After 35 years as our stalwart Coordinator & Executive Director at the Women’s Centre, Gwen O’Reilly will be retiring at the end of March. While she will be dearly missed day-to-day in the office, we wish her the best in her retirement! She has provided some poetry and reflections of her time at the Women’s Centre:

Well, it’s been a minute since I first came to NOWC: about 42 years, I think since I attended my first feminist potluck with the then Collective.  I have been working as the Coordinator/ Executive Director here since 1991 – that’s about 35 years if anyone is still counting.  It was about 1983, and at that time I had been working with a group of women to start a Women’s Centre on Lakehead University campus. 

To give you some context: The year before (1982), “sex” had just been added to the Canadian Charter of Rights and Freedoms as a protected ground of discrimination.  Pay Equity was not enshrined until 2001. At that time, many other identities were not yet guaranteed equality rights, including 2SLGBTQIA and pregnant people.  It was before Women’s Studies existed; before women had reproductive choice; before gay marriage was legalized (or even imagined!) and of course, before we had access to internet or cell phones.  Funders would not cover any work related to 2SLGBTQIA or anti-homophobia efforts and NOWC and the AIDS Committee of Thunder Bay were the only publicly queer friendly agencies in town.  Most 2SLGBTQIA people were not out to their families or workplaces and socialized separately for safety (and fun!).  A woman’s right to reproductive justice was not confirmed until 1989, the same year sexual harassment was recognized as sex discrimination. Sexual assault within marriage was just then being criminalized; it would be another 8 years before the use of a survivor’s sexual history was barred in criminal trials and 16 years before the laws around consent and sexual assault were developed.  So, it was a different world then. 

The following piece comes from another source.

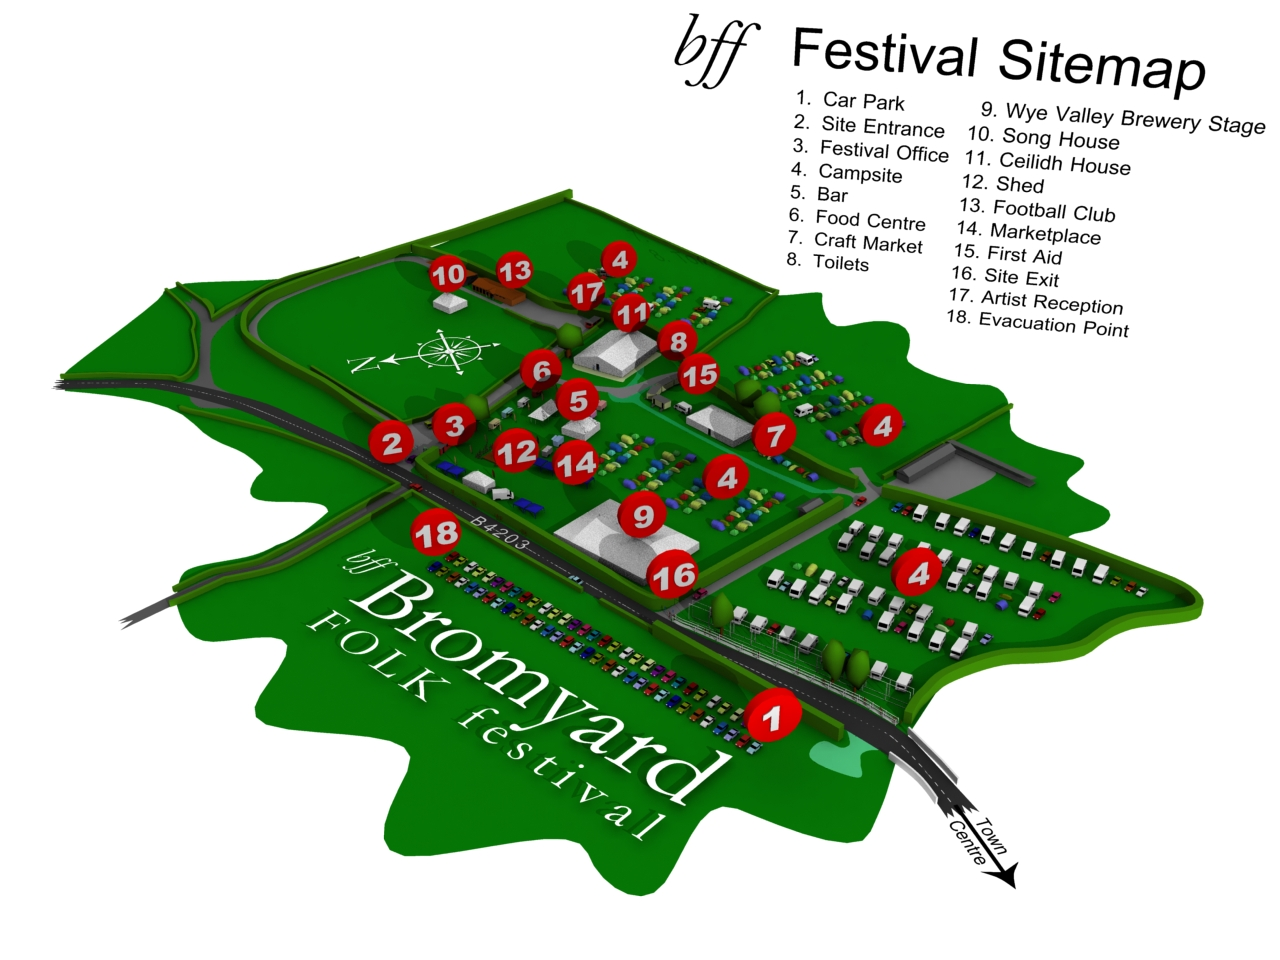 bromyard-folk-festival-sitemap04
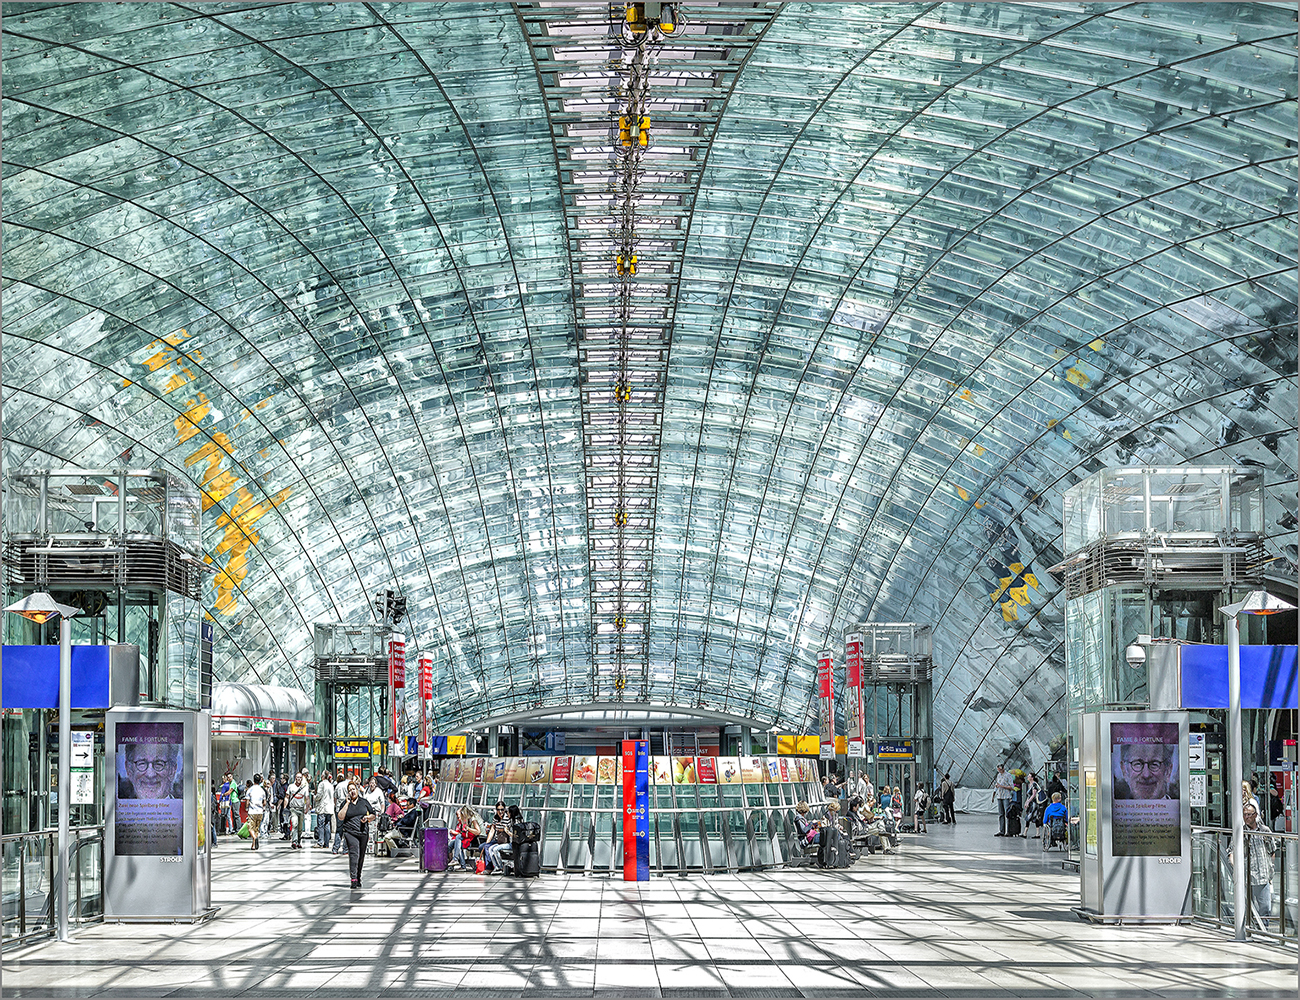 Frankfurt Airport / Railway Station, Germany

It’s all bit of a blur: the things that stand out were all the feminist potlucks, the conferences, protests, marches, panels, presentations and meetings – So. Many. Meetings!  Things that are etched in memory are the Montreal Massacre – 14 young women engineering students killed at L’ecole Polytechnique, the same evening NOWC held it’s AGM in 1989. And the national repercussions we faced when we organized a women-only vigil following.  Also unforgettable, the Harris Conservative governments 22 percent cut to social assistance rates and attempts to criminalize women on social assistance by implementing workfare and starting a witch hunt for so called “welfare fraud”.  We created so many projects to respond to the myriad of issues women were facing.  In the last 20 years, I have found food security work and the Good Food Box program to be a joyful counterpoint to work on violence and access to justice.

I really can’t imagine any other career or calling that could have held my interest and my commitment for so long.  I remain humbled by the thousands of women who have trusted me to listen to their most difficult experiences:  I hope NOWC has been able to make a difference to you.  And if not, I hope that you have used your courage and strength to find your way regardless, knowing that your trail has blazed a path for those that follow.

I will miss this work.  It has given me a deep sense of purpose in this world and has challenged me in many good ways.  I will not miss media work or meetings or grant reports, but I will miss making things happen in the company of so many fierce, smart and committed women.  Of course, I am not finished with Feminism, or even working for that matter, but it is time for me to step away from a leadership role and allow NOWC to transition to a new chapter.  Our new Executive Director, Katie Bortolin, is eminently qualified to run the joint, and set NOWC up to thrive undaunted for another 50 years.  (unless, of course, she first manages to end patriarchy!)  I wouldn’t underestimate her, If I were you….

As for my future plans, I am not going to disappear completely! I intend to maintain some involvement in the Good Food Box program and plan to spend more time writing, in my garden, kayak and hanging out with my many friends.  Maybe a little light consulting on the side.  I hope to see you all at the next feminist potluck!